This repository contains code, data and information to pipeline data from APHRC microdata source to an OMOP database
STEPS FOLLOWED
- Profiling and Exploratory data analysis:
White Rabbit and R used to profile and generate scan report and EDA. Check the link for the EDA https://docs.google.com/spreadsheets/d/1h6A-uOf4lrWZMCKhoNzSkktMv10lhgM7SH-CcmCHgZo/edit#gid=0
- Mapping and Implementation Guides:
Rabbit in a hat, Athena and Usagi tools were used to create mappings from source data to OMOP terminologies
- Extract Transform Load :
We used PostgreSQL as OMOP instance database.

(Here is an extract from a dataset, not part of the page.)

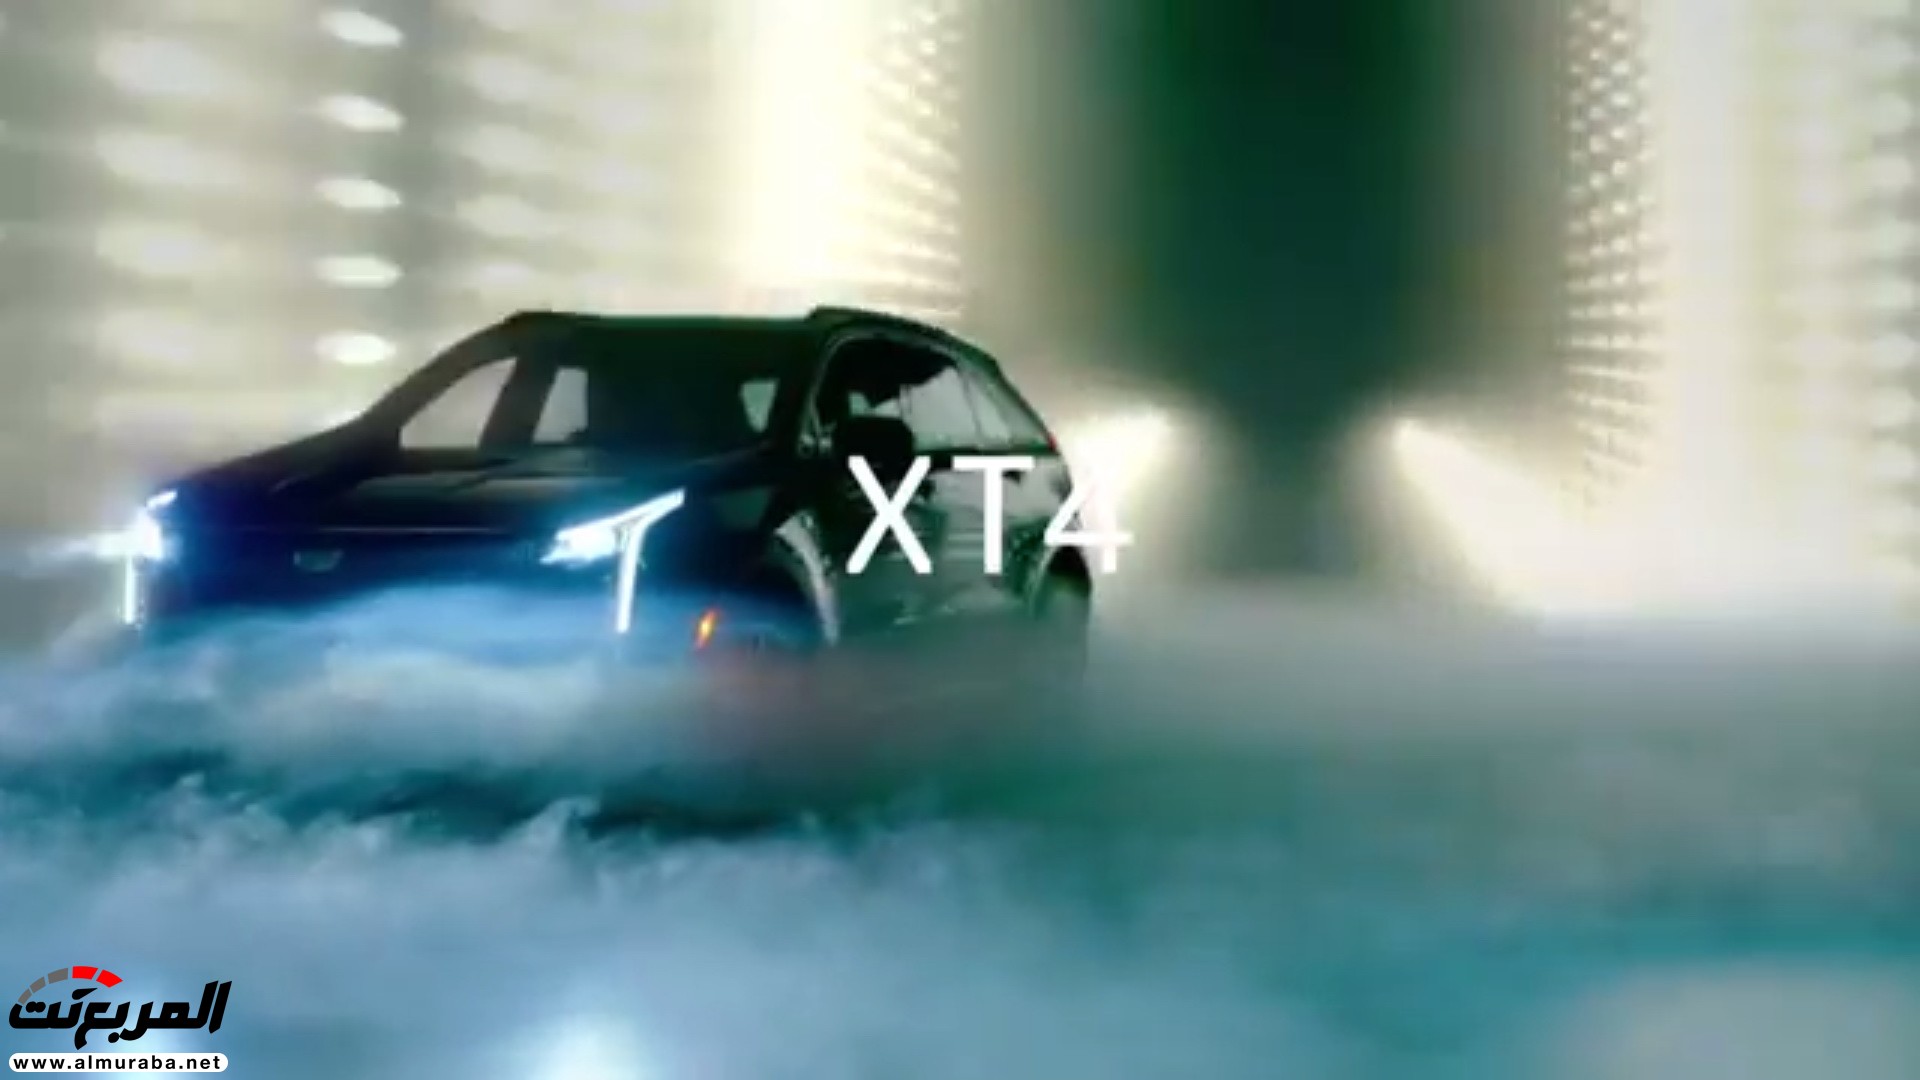 كاديلاك XT4 موديل 2019 تظهر في فيديو وصور تشويقية 14

Penataho and SQL scripts for transforming source codes to OMOP terminologies.
- Data Quality Assurance:
OHDSI library for quality assurance of the CDM 'DataQualityDashboard' was installed and run against the OMOP database resulting in 98% score
-
Generating Aggregated (Results tables) data for Atlas using Achilles R library by OHDSI for data characterization tool.
-
Visualization in Atlas :
Aggregated data(results tables), OMOP tables and vocabulary tables were integrated with Atlas and webAPI.
https://github.com/OHDSI/WebAPI/wiki/CDM-Configuration
- Migration to OHDSIonAWS:
Aggregated data migrated to AWS simple storage service (S3) and then to AWS Redshift database and later linked to AWS Atlas for wider audience based on access level.